Each piano was normalised in ‘Loudness‘ scale (-16 LUFS) before exporting the comparison.

They are edited together here (allows comparing Pianos like NI The Giant, Maverick, EastWest, Keyscape, OT and Spitfire pianos).


----------



## José Herring (Oct 31, 2019)

The only ones I have are Maverick and The Grand. Got it with my Komplete purchase. How do you find them?

Personally the only one I really liked in the example was Addictive Keys, but the Maverick and The Grand fared far better than I thought. I will need to give them more attention because I usually just avoid pianos.

Also, wondering if you have Pianoteq? The physical modeling piano seems very good imo.


----------



## zamyen (Oct 31, 2019)

Yes quite a few composers are using those from NI Komplete, for instance I think Daniel James and Alex Moukala use The Giant in epic cinematic streams, the XLN Addictive Keys sounds quite well mixed and suited for classical/exposed piano as well as the Spectrasonics Keyscape piano.

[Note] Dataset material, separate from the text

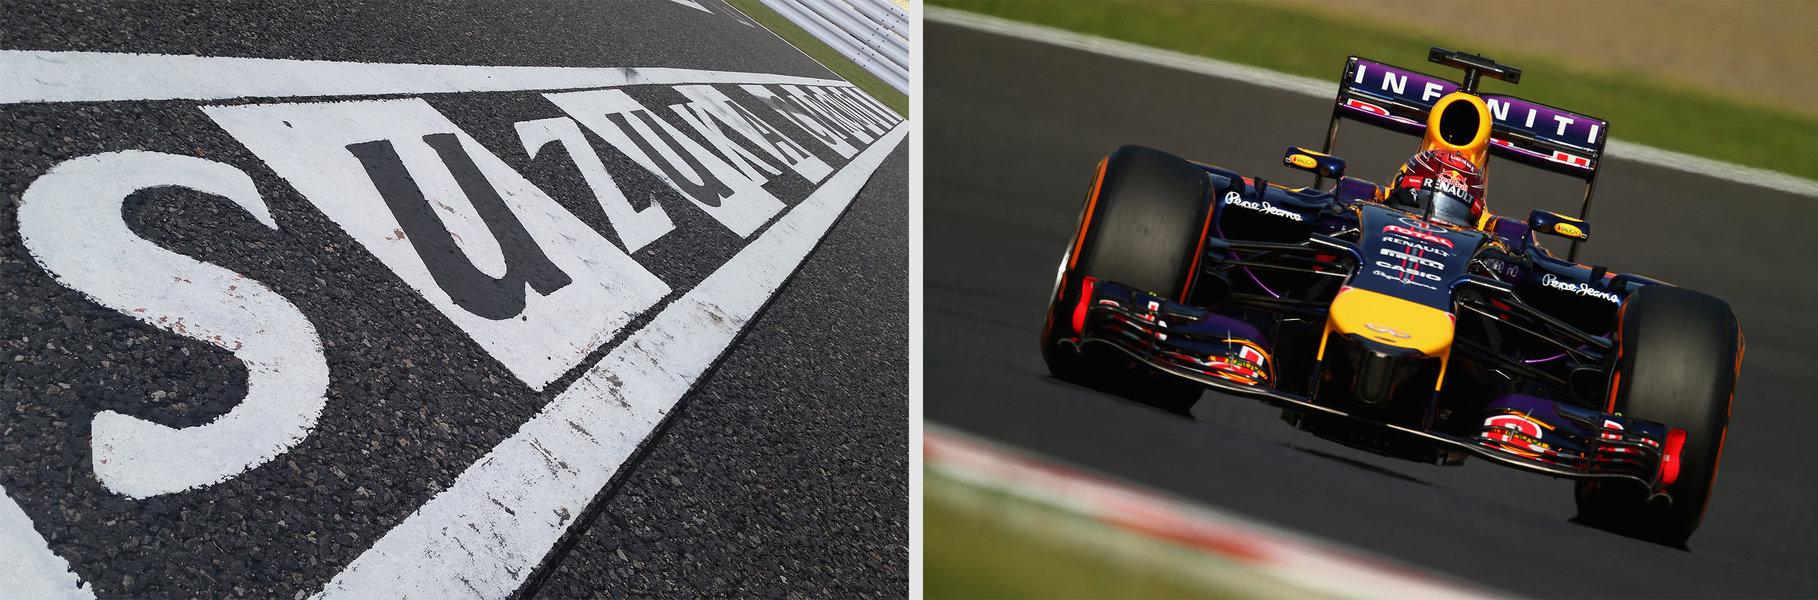 Suzuka pondrá a prueba a los pilotos de Fórmula 1 este fin de semana

Unfortunately I don’t have a license for the PianoTeq as with some others- I saved the template and can include them as and when I get hold of them. For instance Noire and HZ piano would be nice to add to the shootout.


----------



## Reid Rosefelt (Oct 31, 2019)

Patrick Doyle told me he used NI's The Grandeur to mock up his score for ALL IS TRUE.


----------



## José Herring (Oct 31, 2019)

Yes, I quite like the Grandeur. It just never gets mentioned so I thought my judgement could be impaired on it. You know I tend to like what I have so I don't have to buy anything else.


----------



## PaulieDC (Oct 31, 2019)

Just my $.02.. Everytime I've pulled up Grandeur I'm surprised, it always sounds better than I expect. Best piano as part of a package IMO. I've tried a bunch, even bought VSL's Steinway and returned it. Upper range was like metal although the tube mic helped that. Ultimately Garritan CFX won me over, but R275 and Grandeur are up there. When it goes on sale I'll jump on Noire because it sounds like an improved Grandeur to me, and for pure fun the Particles things is a sweet bonus. Note: I did a total pop track for someone for a short vid (Drums, bass, piano and vocals) and Alicia's Keys worked best. But I wouldn't use it for Moonlight Sonata.

As much as I'd like to stay with one library, seems like you need about 5 pianos to cover it all. Oh, I bought EW's Pianos, have hardly run them up. Who knows, a couple presets in some of those may be great.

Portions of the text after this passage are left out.